Keywords: Sacubitril/Valsartan, reverse remodeling, ejection fraction improvement
Introduction
Heart failure affects more than 23 million people worldwide. Patients with heart failure have an estimated 50% 5-year mortality [1-3]. The mainstay of medical treatment for patients with heart failure with reduced ejection fraction (HFrEF) are beta blockers (BB), angiotensin converting enzyme inhibitors (ACEi)/angiotensin receptor blockers (ARB), and mineralocorticoid receptor antagonists (MRA). More recently in 2014, the first in-human randomized controlled trial of angiotensin receptor neprilysin inhibitor Sacubitril/Valsartan (Entresto, Novartis) was demonstrated to improve survival and decrease hospitalizations compared to enalapril [4].
Although the physiological mechanisms of action of Sacubitril/Valsartan are well described, its effects on left ventricular remodeling and left ventricular ejection fraction (LVEF) have not been well studied. Left ventricular remodeling is a major mechanism underlying disease progression in patients with HFrEF [5]. The degree of improvement in left ventricular end-diastolic volume (LVEDV), left ventricular end-systolic volume (LVESV), LV dimensions, and LVEF with therapies are strongly correlated with clinical outcomes, including survival [6].

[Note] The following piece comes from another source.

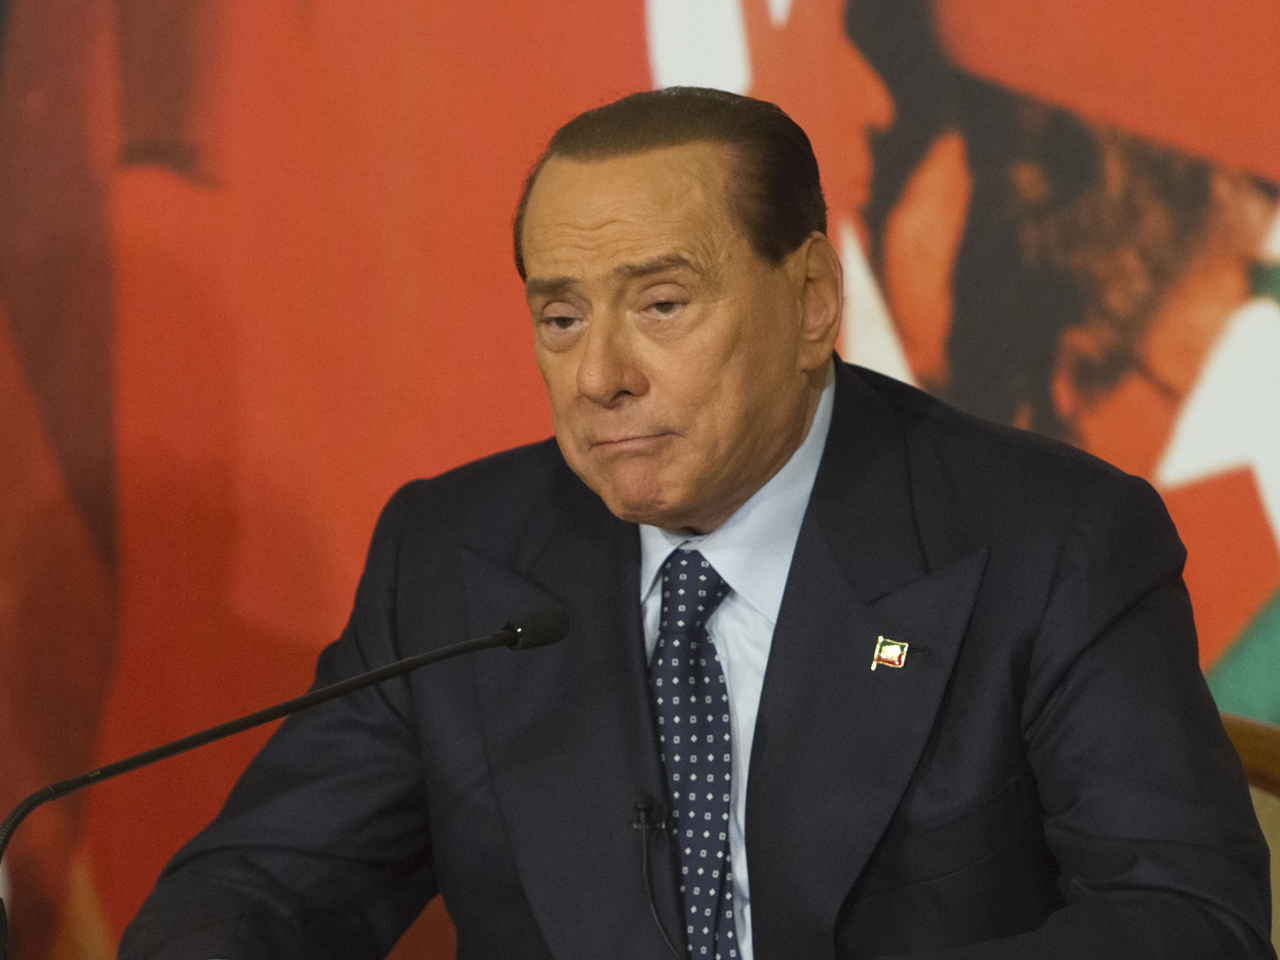 Berlusconi faces vote to oust him permanently from Italy Senate - CBS News

Beta blockers, ACEi/ARBs, and MRAs have demonstrated potent effects on reverse remodeling and improvement in LVEF in multiple studies [7-10]. Animal studies have shown that treatment with Sacubitril/Valsartan compared to Valsartan alone is associated with a statistically significant increase in LVEF and a trend towards improved reverse remodeling [11]. The goal of our study is to evaluate the effects of Sacubitril/Valsartan on LVEF and reverse remodeling parameters among patients with HFrEF.
Methods
The study population comprised of patients with a diagnosis of HFrEF treated with Sacubitril/Valsartan for more than 1 month in the Heart Function clinic at the University of Ottawa Heart Institute (UOHI) between Jan 1, 2015 and June 30, 2017. Patients with new diagnosis of heart failure within 1 year before starting Sacubitril/Valsartan were excluded. Clinical information collected included demographics, comorbidities, New York Heart Association fun-ctional class, duration of heart failure diagnosis, medications and laboratory parameters. No patient in our study discontinued Sacubitril/Valsartan due to an adverse event including acute kidney injury, hypotension or hyperkalaemia.

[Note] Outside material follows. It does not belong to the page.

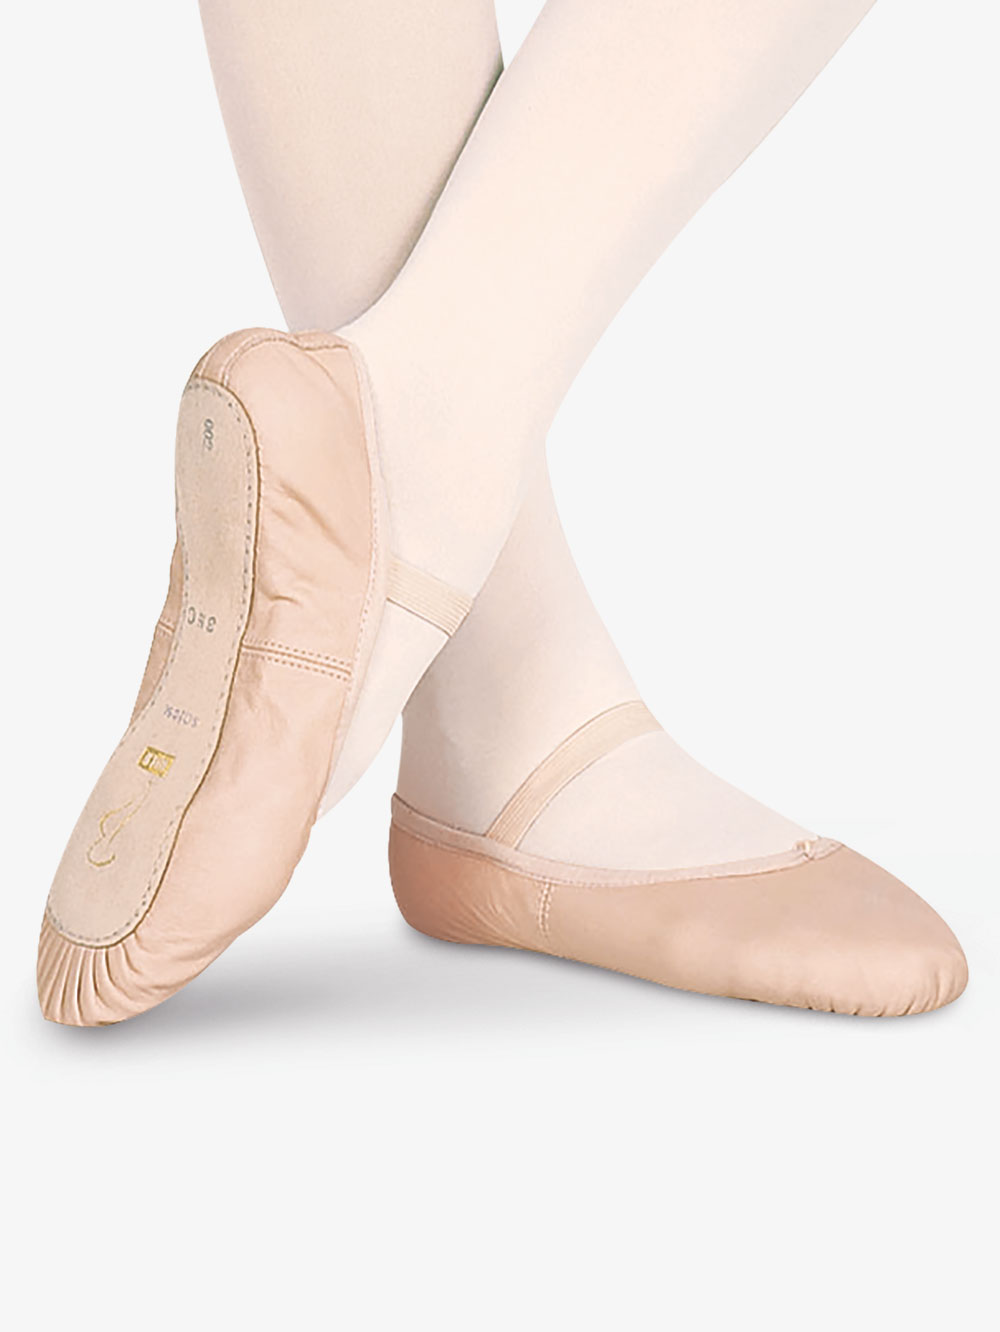 ballet shoes for boys

Cardiac imaging was performed by transthoracic echocardiography (80%), radionuclide angiography (14.6%) or cardiac MRI (6.1%). The tests were performed and interpreted in a standard fashion at a single center (UOHI) [12]. Imaging data were analyzed for LVEF and measures of reverse remodeling including left ventricular end-systolic diameter (LVESD), left ventricular end-diastolic diameter (LVEDD), LVESV, LVEDV, LV mass, and right ventricular systolic pressure (RVSP). These imaging and other laboratory parameters (serum potassium and creatinine levels) were collected at two time points; at baseline prior to initiating treatment, and the most recently available test after a period of treatment with Sacubitril/Valsartan. Data for LVEF were collected at an additional earlier time point at 18 months before starting Sacubitril/Valsartan.
The primary outcome was change in LVEF over the three studied time points; pre-baseline, baseline and post Sacubitril/Valsartan. The secondary outcomes were the changes in left ventricular reverse remodeling parameters, including LVESD, LVEDD, LVESV, LVEDV, LV mass and RVSP.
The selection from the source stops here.